The agency specifically served 3,000 families in the Community Services Block Grant program this past year which provides food pantries, transportation, seasonal food allocations, clothing, infant formula for eligible families, assistance to the elderly, energy assistance, and housing referrals.

  • The Care Coordinator will help to coordinate the health, education, and nutritional care for the RFTS eligible pregnant mother and her infant."

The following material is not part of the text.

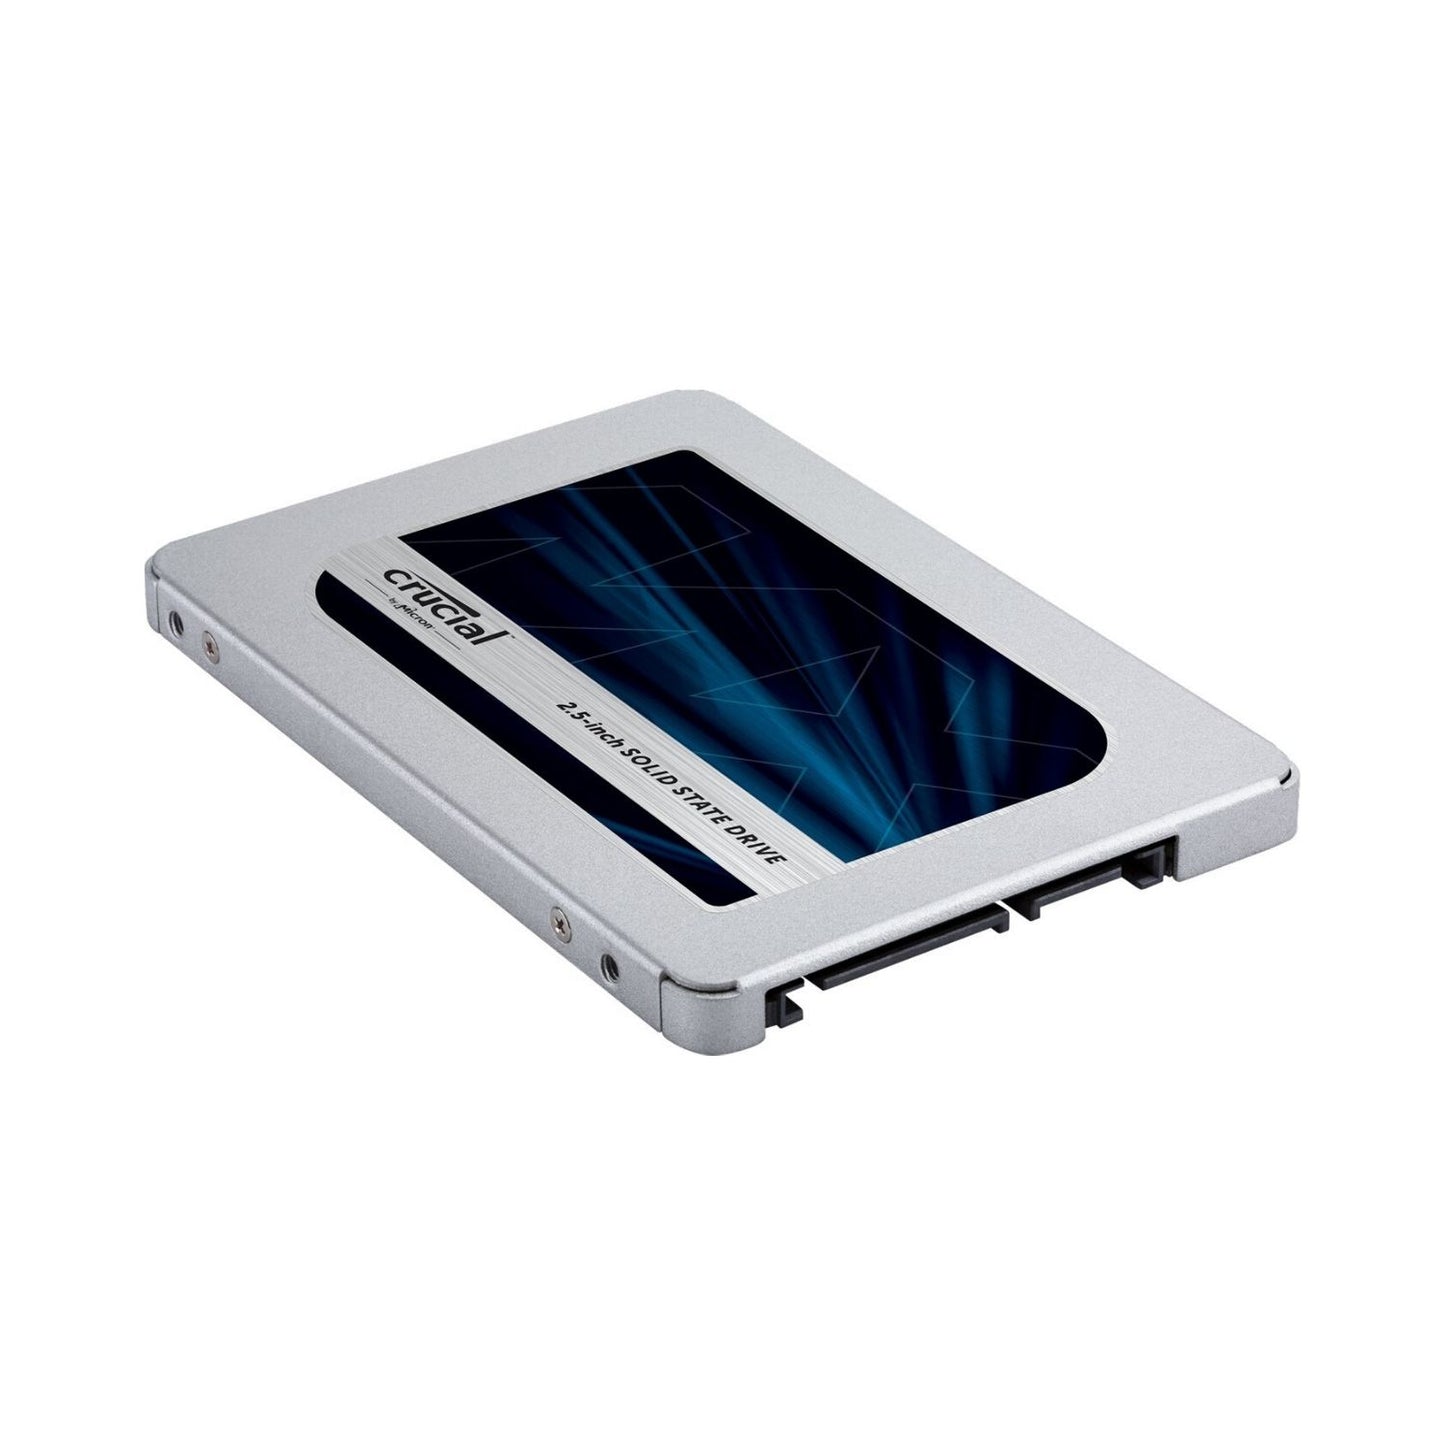 Crucial MX500 2TB SATA 2.5 इंच इंटरनल SSD सॉलिड स्टेट ड्राइव

    The RFTS Regional Care Coordinator provides follow-up and coordination on all newborn Hearing Screening referrals, offers RFTS care cooordination to all eligible infants. They will also: Complete assessment and PRSI/Alternate Entry, if necessary, to identify barriers to a healthy care outcome. Develop service care plan with client using the RFTS Service Care Plan. Arrange intervention, meeting identified needs. Make home visits and client contact according to policy. Follow a standardized recording system for documenting client care. Reassess and revise service care plan as needed. Update medical provider of mother's progress/change in service care plan as needed. Send required information to Regional Care Coordinator serving the client. Arrange for/participates in interdisciplinary/interagency problem/service care plan meeting for problem clients to determine the appropriate agency to serve as primary case manager and to assign service care plan responsibilities. Coordinates/ Monitors with other program providing care management to infants such as Birth to Three Projects, and or child with Special Health Needs. Referral of client into appropriate case management system at time of closure/ or at risk are determined. At or near care closure, complete Outcome Measures form and forward to RCC.
  • The Care Coodinator will help to increase the pregant woman, her infant, and the family's knowledge regarding the importance of quality self and health care"
    The RFTS Coordinator will also: Plan with the client for perinatal care/pediatric care. Plan with the client for participation in WIC for nutritional needs, counseling and food supplements. Model and teach problem solving skills. Plan with the mother for receiving a postpardum exam and family planning services. Plan with the client for support system. Plan with the child for receiving well child visits and immunization services.
  • The Care Coordinator will advocate for primary needs of the family.
    Primary needs include, but are not limited to, food, shelter, safety, crisis intervention, transportation assistance, and child care. They will also: Advocate for the child in the community. Intervene immediately when mother or child is in unsafe environment. Intervene in times of crisis. (Exception: for incidents of child abuse/neglect. These must be reported by telephone to Child Protective Services, the Child Abuse Hotline, or local DHHR office.
  • The Care Coordinator will use appropriate referral and follow-up procedures to acquire necessary resources for the mother and her infant.
    The RFTS Coordinator will also: Establish cooperative agreements and contracts for referral on the local level. Coordinate services for all disciplines. Communicate with medical care providers.Refer very low birth weight, preterm infants' parent to SSI. (if not referred by hospital at birth.) Monitor receipt of services.